Some facts and figures about government-certified marijuana being grown in
Flin Flon, Man.:
Purpose - Health Canada wants standardized supply of marijuana for
accredited researchers to determine whether the substance has health
benefits.
Contract - In December 2000, Prairie Plant Systems of Saskatoon awarded a
five-year, $5.75-million contract to grow marijuana for Health Canada in an
abandoned mine section in Flin Flon, Man.
Source - Prairie Plant Systems originally to obtain quality seeds from the
National Institute on Drug Abuse in Bethesda, Md. Delays forced them instead
to use more than 10,000 seeds seized by various police forces across the
country. Only a third produced plants.
First crop - First crop of 74 kilograms delivered December 2001 had 185
varieties, with broad range of quality. Two best strains - officially known
as MS-17/338 and MS-9/934 - later picked for their hardiness and potency. A
third strong strain held in reserve.
Second crop - Second crop of 200 kilograms delivered in December 2002, based
on planted cuttings from the two best strains to ensure genetic consistency.

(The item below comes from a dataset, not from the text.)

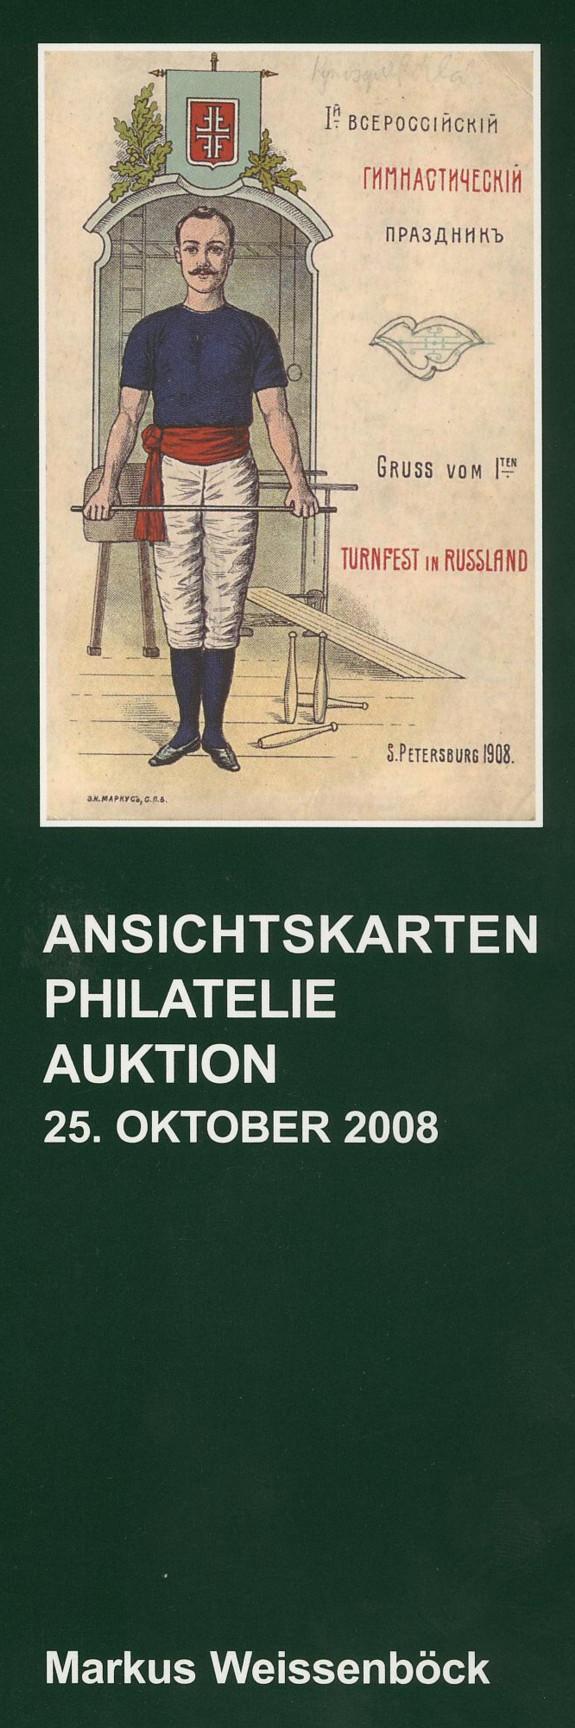 Auktionskataloge Weisse10
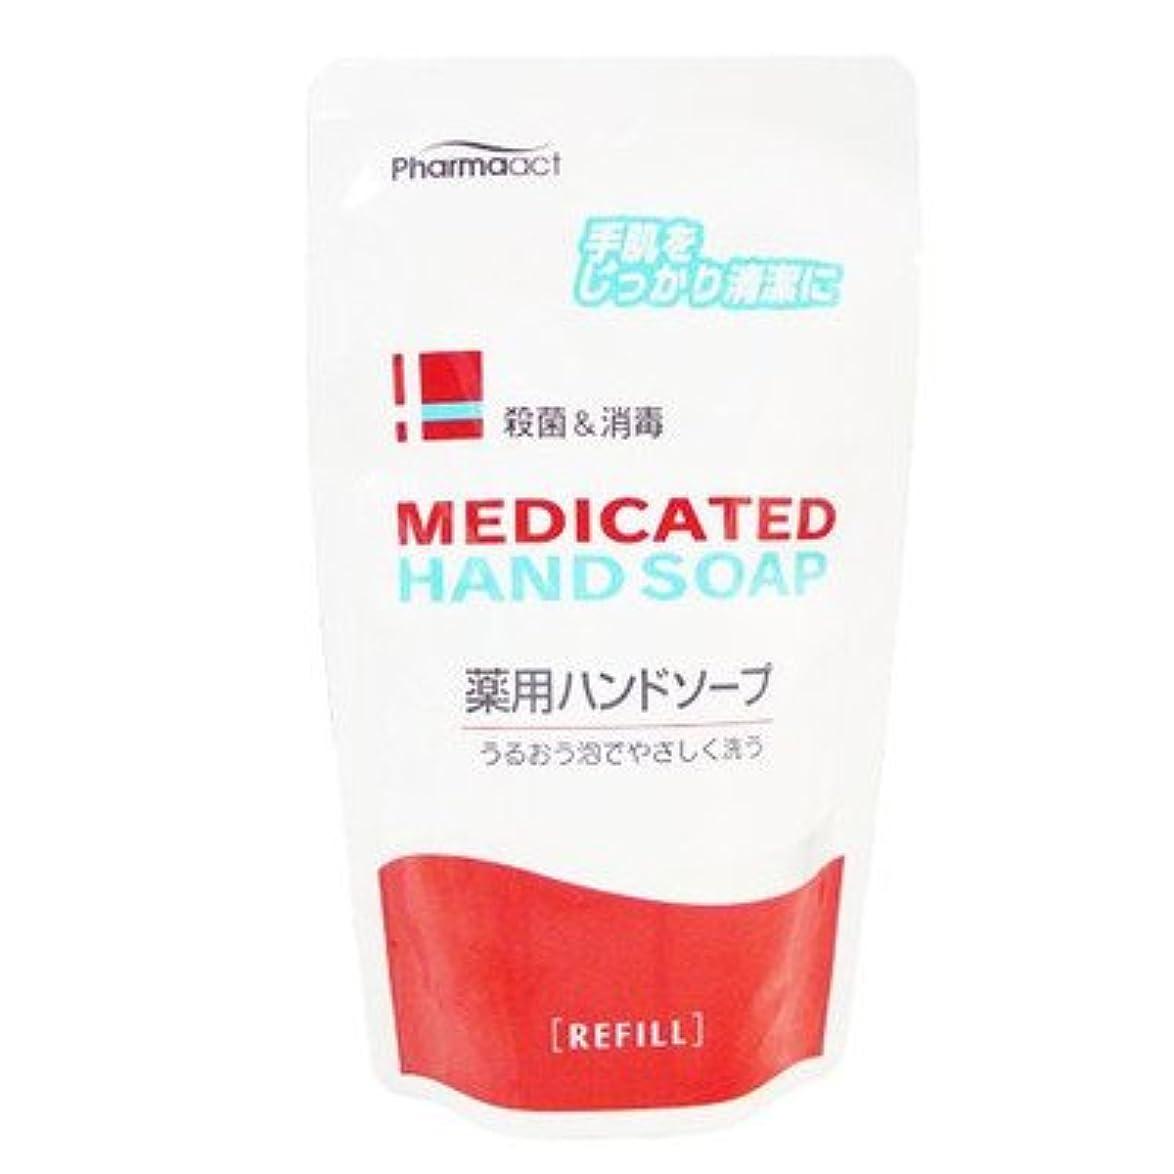 バーガー矛盾する結び目Medicated 薬用ハンドソープ 殺菌+消毒 200ml【つめかえ用】(医薬部外品)

Tests - Early results suggest a 10 per cent or higher level of THC, the most
active ingredient of marijuana, in the second crop. Also being tested for
microbes and for zinc-copper content. May be months before distribution to
researchers.
Processing and storage - Dried crop stored at Flin Flon to be bagged and
labelled as necessary. No plans at present to produce rolled marijuana
cigarettes.
Current trials - The Community Research Initiative of Toronto is testing the
effect of marijuana on the appetites of AIDS patients. A group at McGill
University in Montreal is testing the effects of smoked marijuana on
neuropathic pain. Health Canada provides funding but not the marijuana,
which currently comes from the National Institute on Drug Abuse.